Werner and Dyer 1991 introduce a feature that our model shares--a spatially distributed population. Their model is limited to communication which facilitates reproduction by allowing 'males' and 'females' to find each other more rapidly, however, and the fact that a globally-mixing rather than a local reproductive strategy is used seems to limit the benefits of spatialization. Here again, moreover, communication is modeled as a process which somehow rewards both sender and receiver simultaneously.

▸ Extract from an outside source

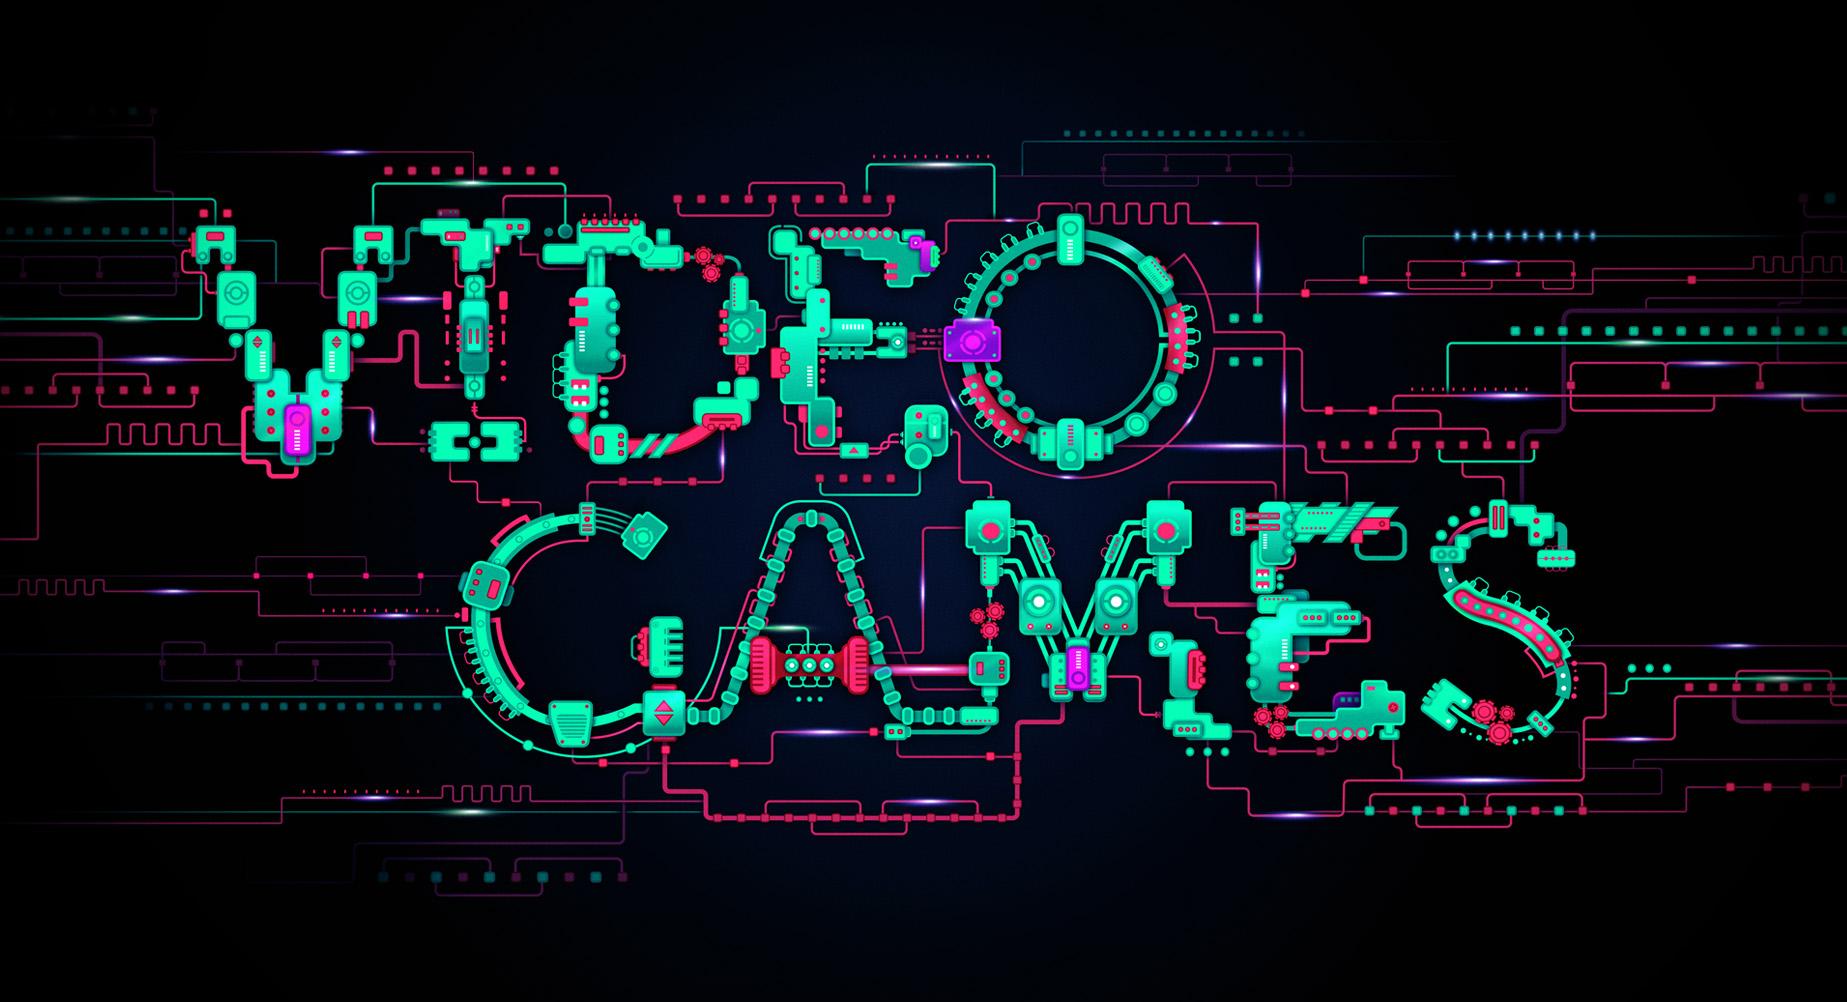 Γιατί οι εξαγορές εταιρειών videogames έφτασαν τα $12,5 δισ.

Ackley and Littman 1994 attempt to improve on these earlier attempts by studying the evolution of communication in at least a limited spatial environment and in response to food and predators-a construction which rewards communication only indirectly as it contributes to successful feeding and avoidance of harm. Ackley and Littman immediately complicate their model, however, with a blizzard of interacting factors: individual, local and global organizational levels, scoring and processing in different ways at different points, a distinction between genotype and phenotype, the complications of 32-unit neural nets coded with both synaptic specification genes and pseudo-genes which are processed by genetic algorithm, and finally reproductive festivals declared at official holidays and a peculiar wind-driven diffusion. We consider Ackley and Littman's work a warning against over-ambitious and baroque model building: their conclusions prove difficult to interpret precisely because the model itself is so unnecessarily over-complicated.

In terms of general approach rather than model details, the closest philosophical ancestor of our work is that of Bryan Skyrms 1996, itself a sophisticated response to David Lewis's groundbreaking work in Lewis 1969.

6. For each of 50 food items, our programming chose initial random numbers between 1 and 64 for each axis on the 64 x 64 array. Thus it is possible that less than 50 cells originally contained food items. At each generation each food item randomly 'walked' 0 or 1 cell in each direction, again with the result that less than 50 cells might contain food items at any one generation. In general the number of cells containing food items on any one generation was approximately 49.

7. Because of the complication noted in note 1, this can be taken as only a rough probability: there is a small probability that there may be two food items 'superimposed' on a cell that is feeding, in which case the probability of a surrounding cell being fed on the next generation will be significantly greater than 1/9.

8. One can easily calculate that point at which a uniformly open mouth is of equal value to a uniformly closed mouth in such a model. Where f is the number of food particles, n is the number of cells, g is our gain and l is our loss, the breakpoint will be:

fg + (n-f)l = 0

For fifty food items, a display of 64 x 64 cells, and a loss of 0.1, the breakpoint for our gain is approximately 8.09. At a gain greater than that, universally open mouths are advantaged over closed mouths. At a gain lower than that, universally closed mouths have the advantage.

The reason this is not the whole of the story, of course, is that we have a varied population of cells with more sophisticated repertoires than merely open and closed mouths. The results below indicate that communication significantly complicates the picture.